# Bau eines Bachlaufes mit Filterfunktion



## Georg2 (19. Mai 2016)

Hallo,

mein Name ist Georg, ich bin 46 Jahre alt und seit drei Jahren stolzer Besitzer eines Gartenteiches. 
Der Teich ist 4×5m groß und an der tiefsten Stelle 1,20 m tief. Der Teich war als Naturteich gedacht. Schnell wurden jedoch 5 Goldfische gekauft und mittlerweile sind es 50, Tendenz stark steigend.
Mit meinem zwischenzeitlich angeschafften Druckfilter komme ich mittlerweile auch nicht weiter.
Also habe ich mich entschlossen einen Bachlauf mit Filterfunktion zu bauen und einen Großteil der Goldfische abzugeben. 
Im April habe ich dann losgelegt.
  
Der Bachlauf ist ca. 5 min lang und hat eine Staustufe in der Mitte.
  
Im tieferen Bereich sollen grobe Kieselsteine rein, darüber ein Lehm-Sand- Gemisch und darüber große Steine und Findlinge.
  
Die Verlegung der Folie gestaltete sich recht kompliziert, besser ging es nicht.

  
Der Übergang zum Teich

  
Der grobe Kies sowie das Sandgemisch sind eingebracht. Ich brauche mehr Sand als ich dachte.

  
So sieht es aktuell aus, es fehlen noch Pflanzen und Steine. Den Druckfilter im Hintergrund werde ich auch noch verstecken.

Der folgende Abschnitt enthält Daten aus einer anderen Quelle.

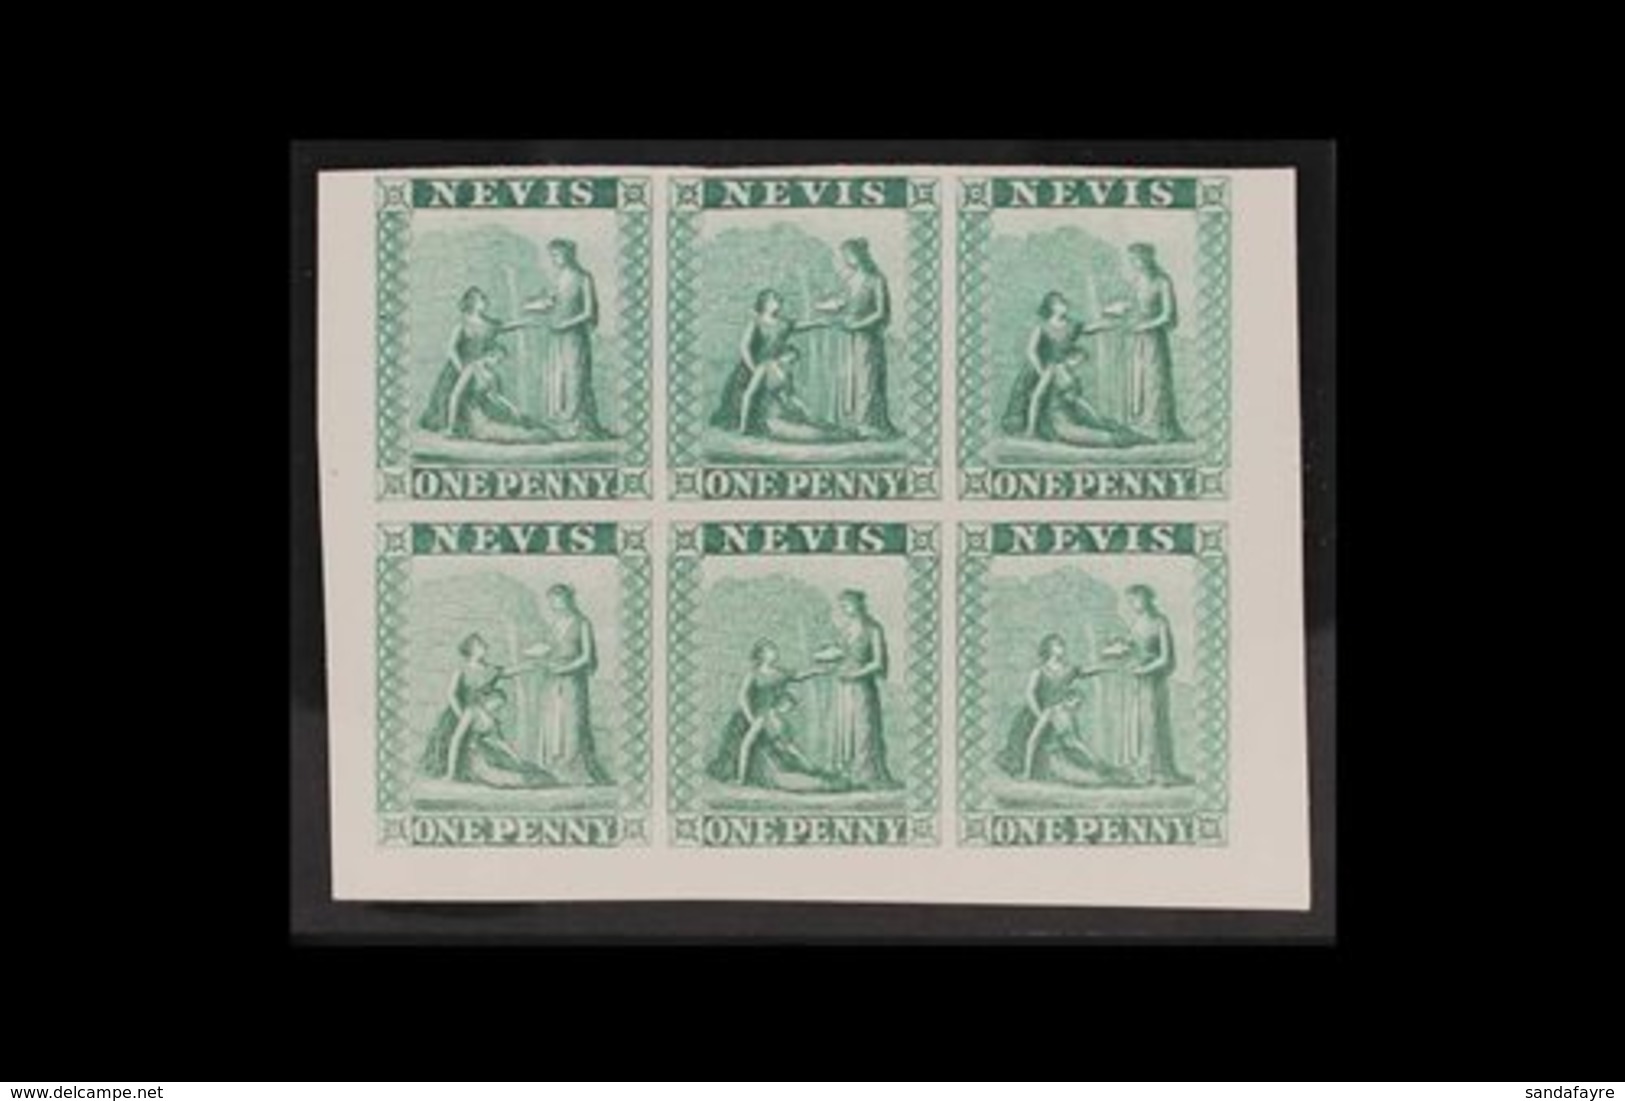 1862 IMPERF PROOFS. 1d Green (as SG 1) IMPERF COLOUR PROOFS BLOCK Of 6 (positions 7 To 12) Printed In Unissued Colour On - San Cristóbal Y Nieves - Anguilla (...-1980)

Über Anregungen und Fragen würde ich mich freuen.

Gruß 

Georg


----------



## Nori (19. Mai 2016)

Hallo Georg,
den Druckfilter würde ich für den Bachlauf beibehalten - ob so ein Bachlauf die gewünschte Filterwirkung zeigt??? - das wissen andere Leute hier besser.
Allerdings ist dein Teich mit einem geschätzten Volumen zwischen 13-15000 Litern garantiert einige Nummern zu groß für so einen Druckfilter - erst Recht in Verbindung mit einem Schwarm Goldis.
Als Erste-Hilfe würde ich mal einen Sonnenbarsch einsetzen - der hat auch in meinem Teich für ne stabile "Population" gesorgt!
Dann solltest du auch mal über einen anderen Filter nachdenken (Vorfilter (z.B. Spaltsieb-Filter) - Hauptfilter mit Feinfiltrierung (Schwamm-Abteilung) und danach eine Bio-Stufe (mit z.B. __ Hel-X).
Kostspielige Filter wie Trommel-oder Vliesfilter schließ ich mal aus, da in diesem Volumen-Bereich auch noch die kostengünstigere Variante möglich ist.

Gruß Nori


----------



## Georg2 (20. Mai 2016)

Hallo Nori,

ich denke du hast recht. Über die Anschaffung eines effektiven Filters komme ich nicht herum.
Der Bachlauf als Filter funktioniert, daß Teichwasser wird immer klarer, der Bachlauf selber setzt sich  aber immer mehr zu.

  
Hier sieht man, wie sich der Dreck im Bachbett ablagert. Ist mit meinem Schlammsauger aber einfach zu entfernen.
Trotzdem muss eine effektive Vorfilterung her.

  
Teichbild vom 19.Mai

  
Die __ Sumpfdotterblume ist für dieses Jahr fertig. 

  
Die Seerosen stehen in den Startlöchern.


----------



## samorai (20. Mai 2016)

Eventuell ist eine Filter-Versenkung in Deinen Gedanken mit ein zu beziehen. Der Zu und Ablauf ist oben, die Pumpe verliert an Leistung um so höher sie pumpen muss, siehe Pumpenkurve.
Bei einer Versenkung des Filters gibt die Pumpe gut und gerne 500-1000 l/h mehr.
Leider ist die Größe/Kraft der Pumpe nicht im Profil erwähnt.
Versuch macht Klug.


----------



## Georg2 (20. Mai 2016)

Hallo Samorai, 
den Filter will ich im hinteren Bereich auf jeden Fall versenken. So sieht es ja noch bescheiden aus. Bin noch in der Bau- und Erprobungsphase.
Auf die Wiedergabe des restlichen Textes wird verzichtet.